Exercise requirements: Without including any pictures, give back all of the data exactly.

Source material:
######

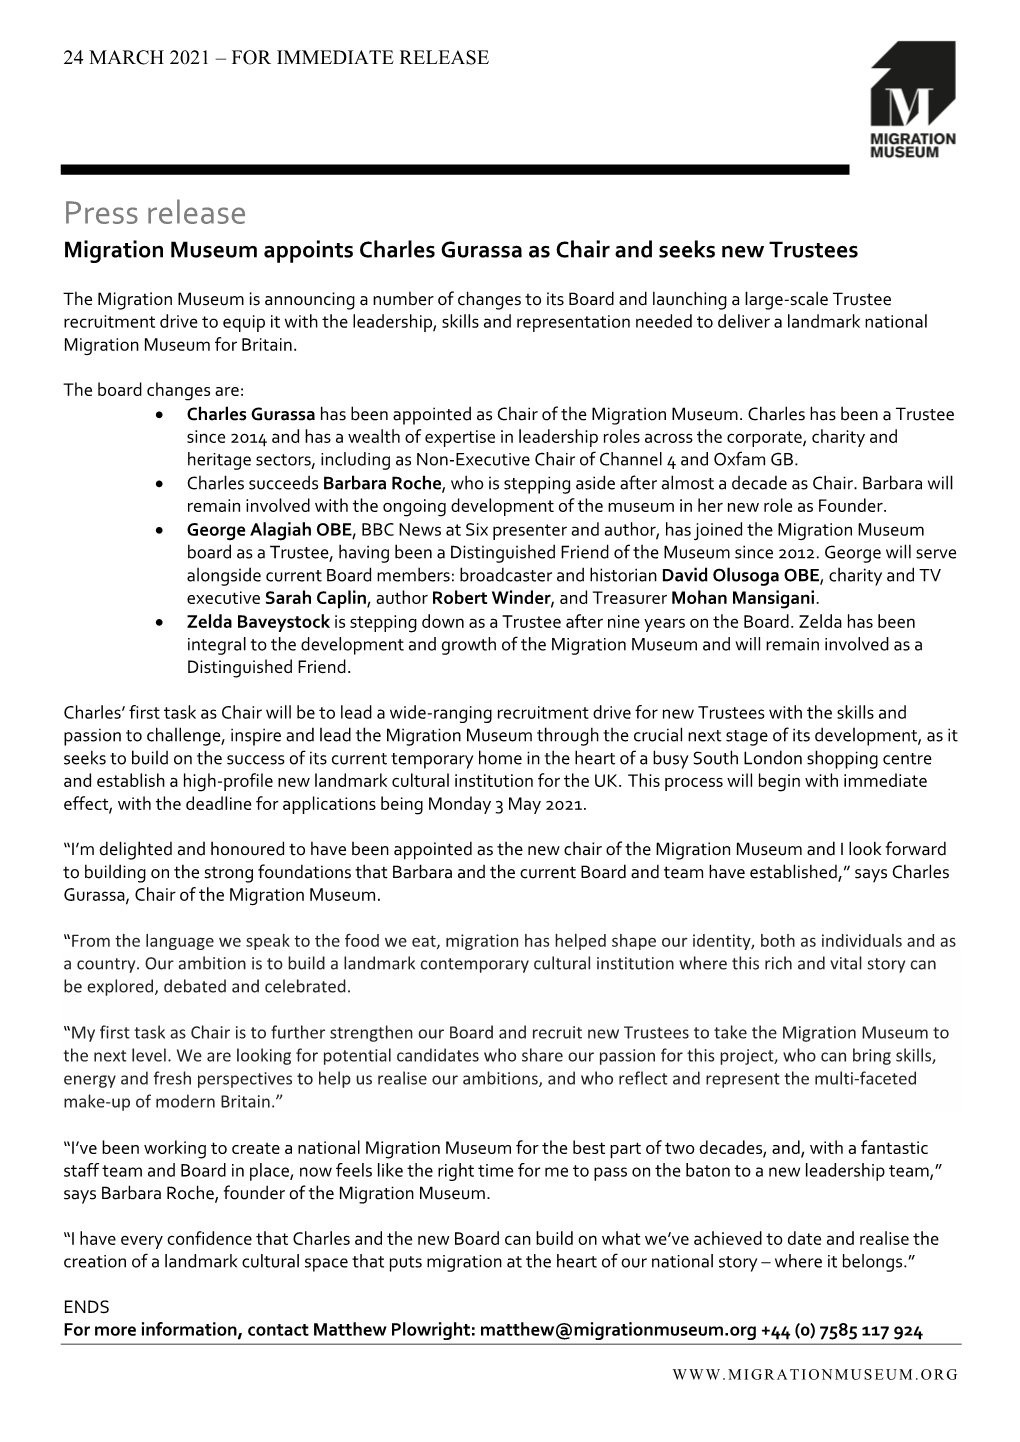 Migration Museum Appoints Charles Gurassa As Chair and Seeks New Trustees
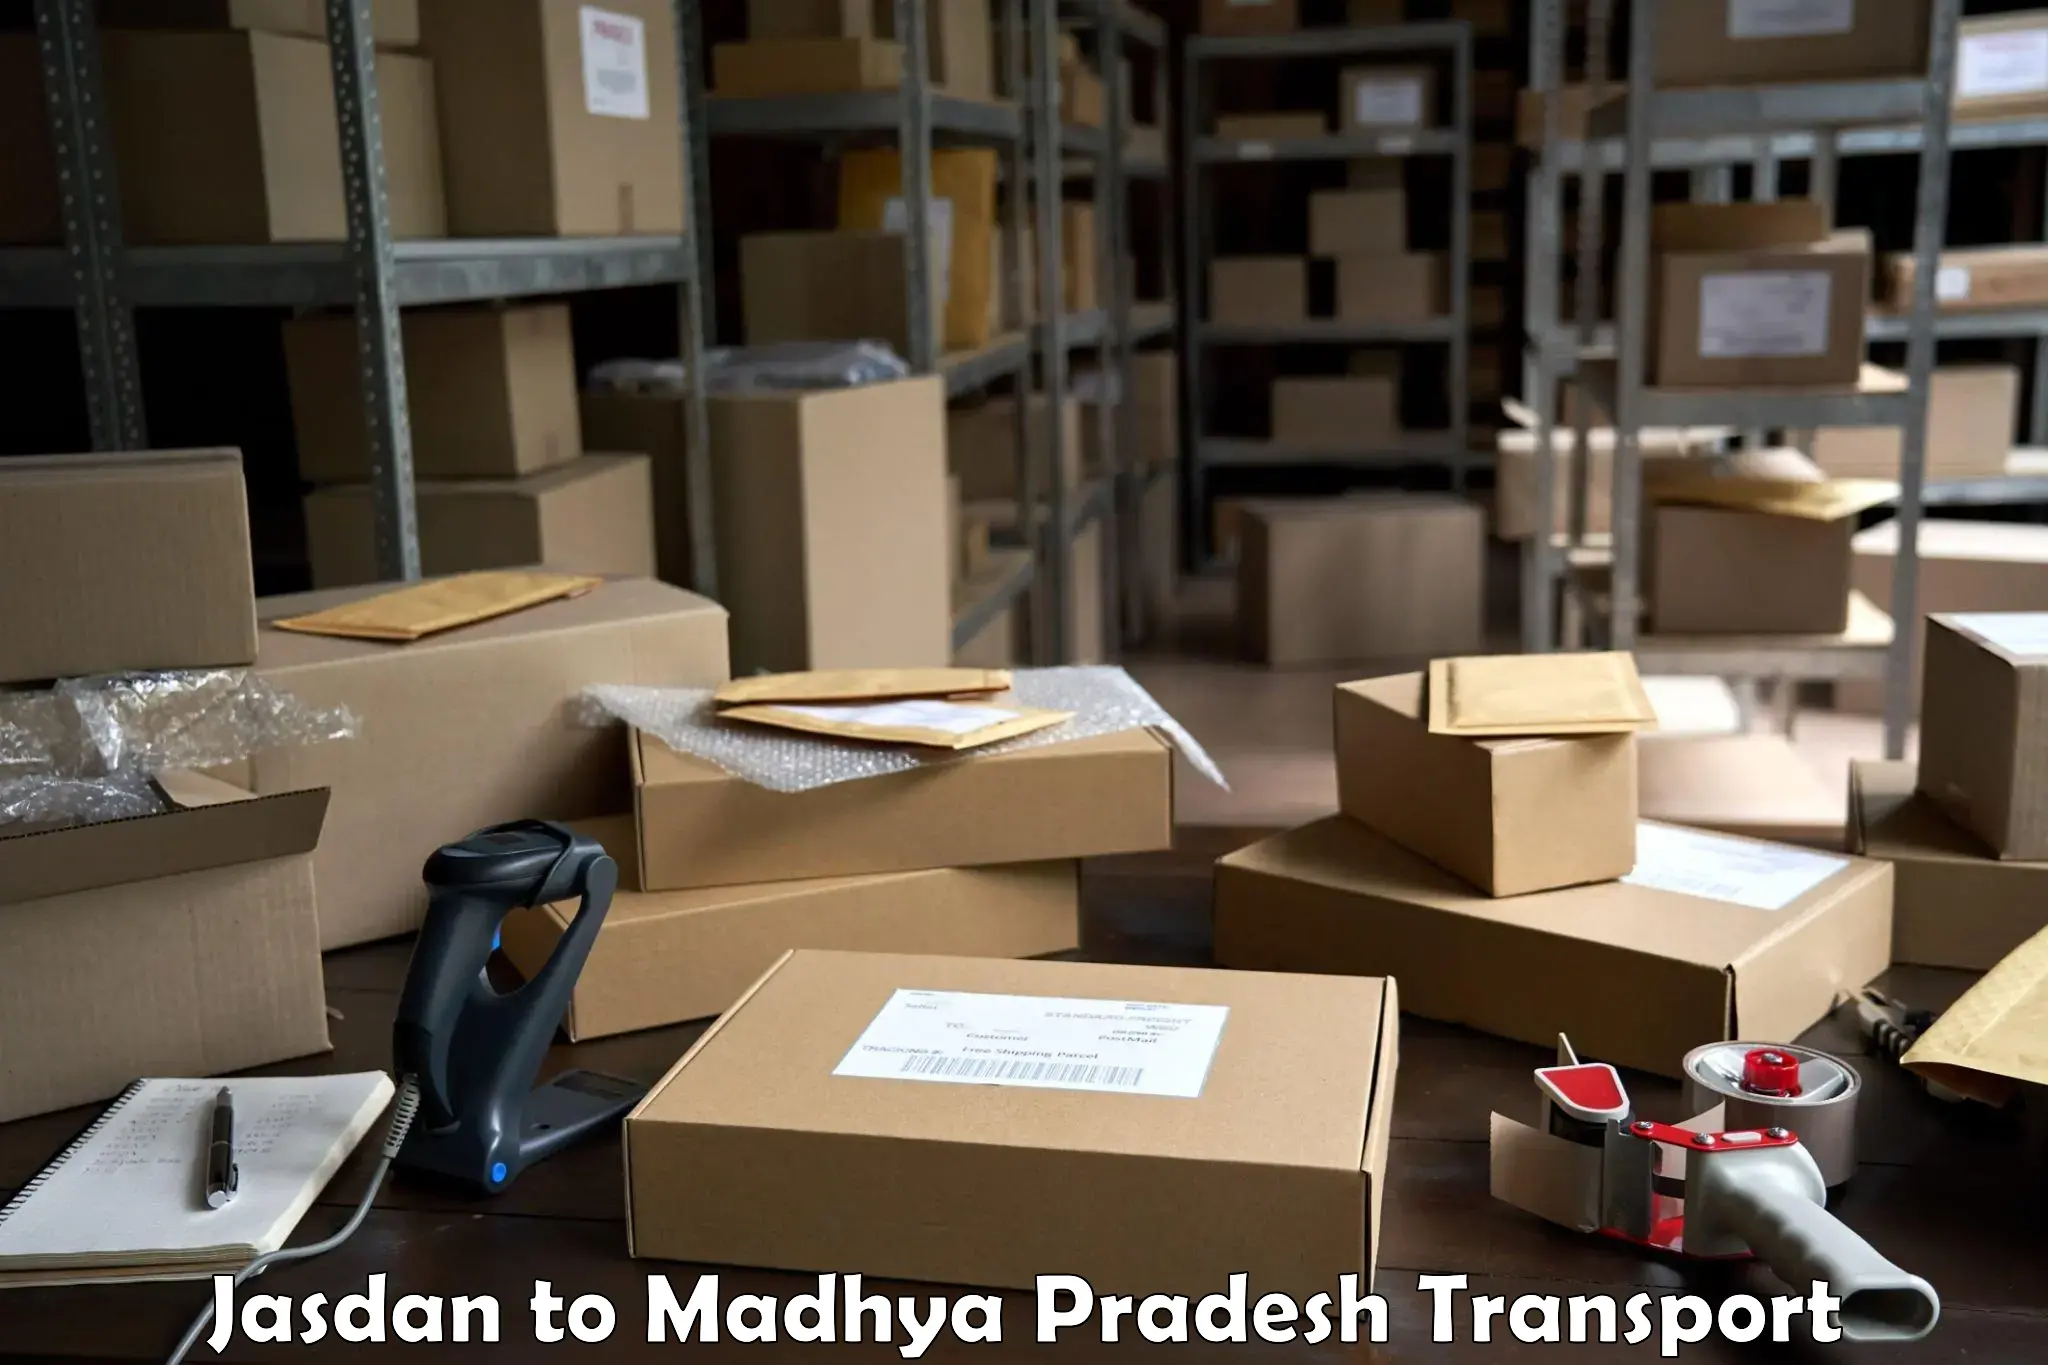 Truck transport companies in India Jasdan to Gwalior
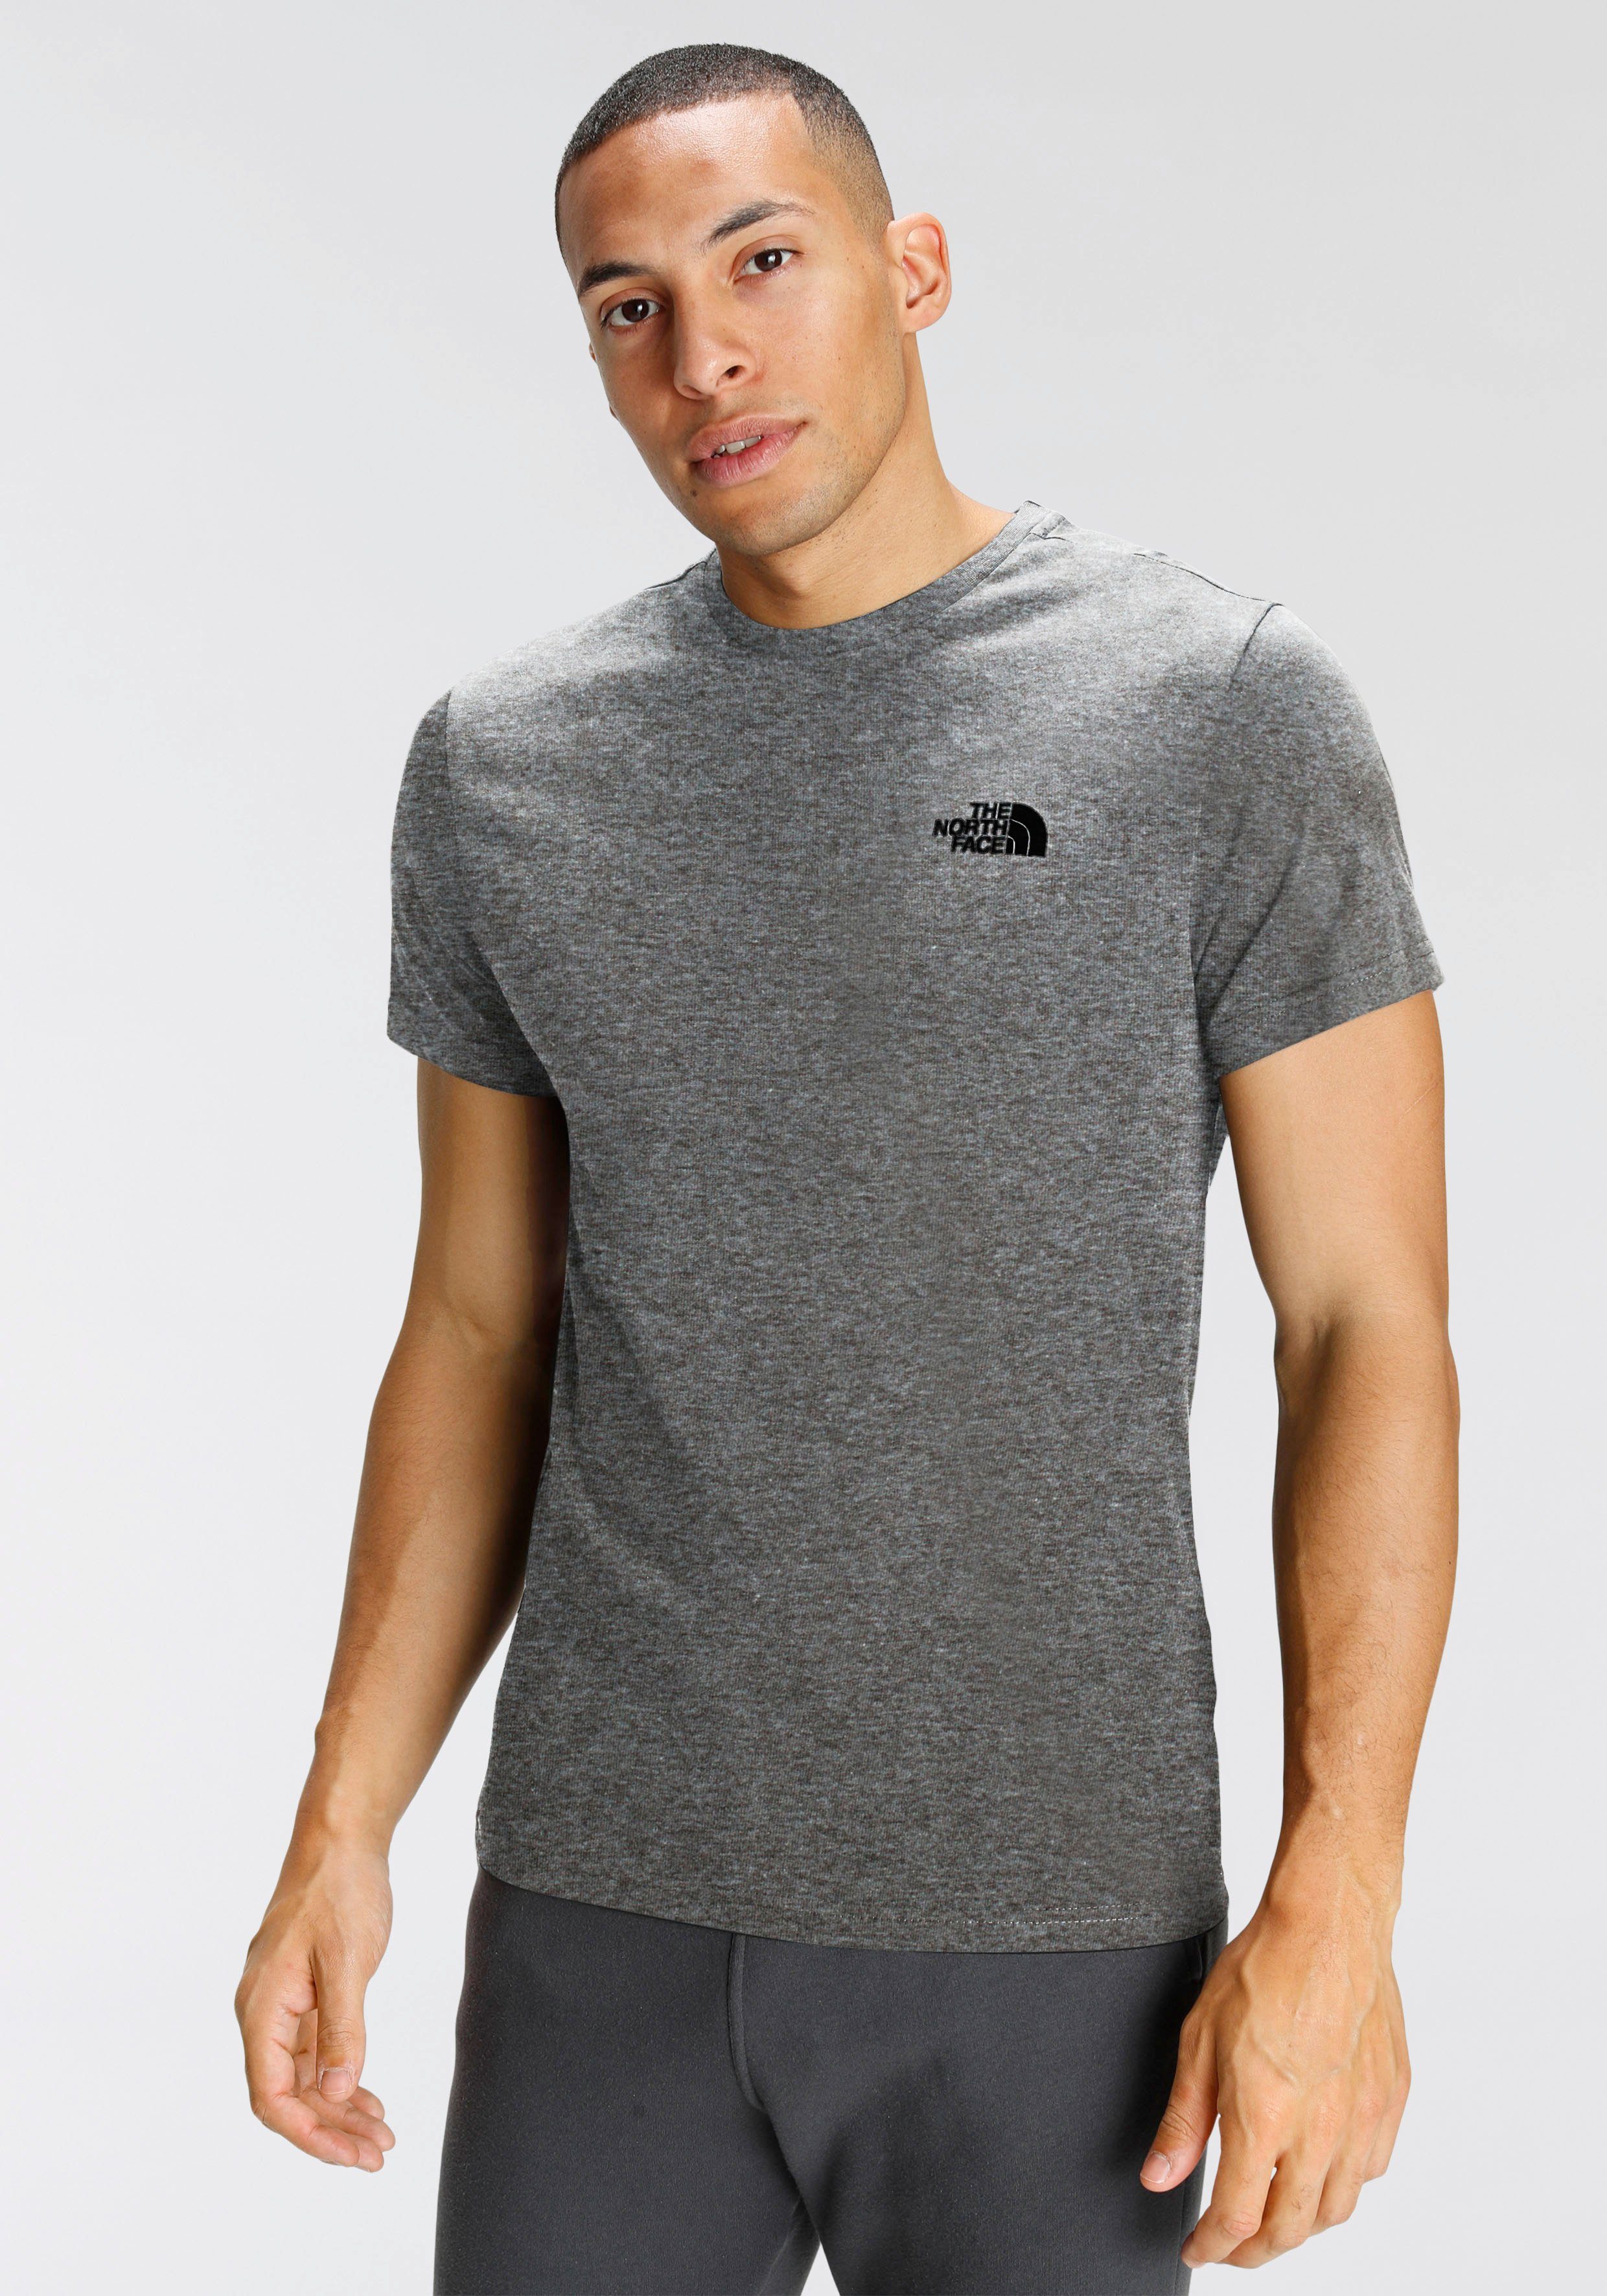 The North Face Funktionsshirt SIMPLE DOME grau-meliert

######

Exercise result:
 Migration Museum Appoints Charles Gurassa As Chair and Seeks New Trustees
 Truck transport companies in India Jasdan to Gwalior
 The North Face Funktionsshirt SIMPLE DOME grau-meliert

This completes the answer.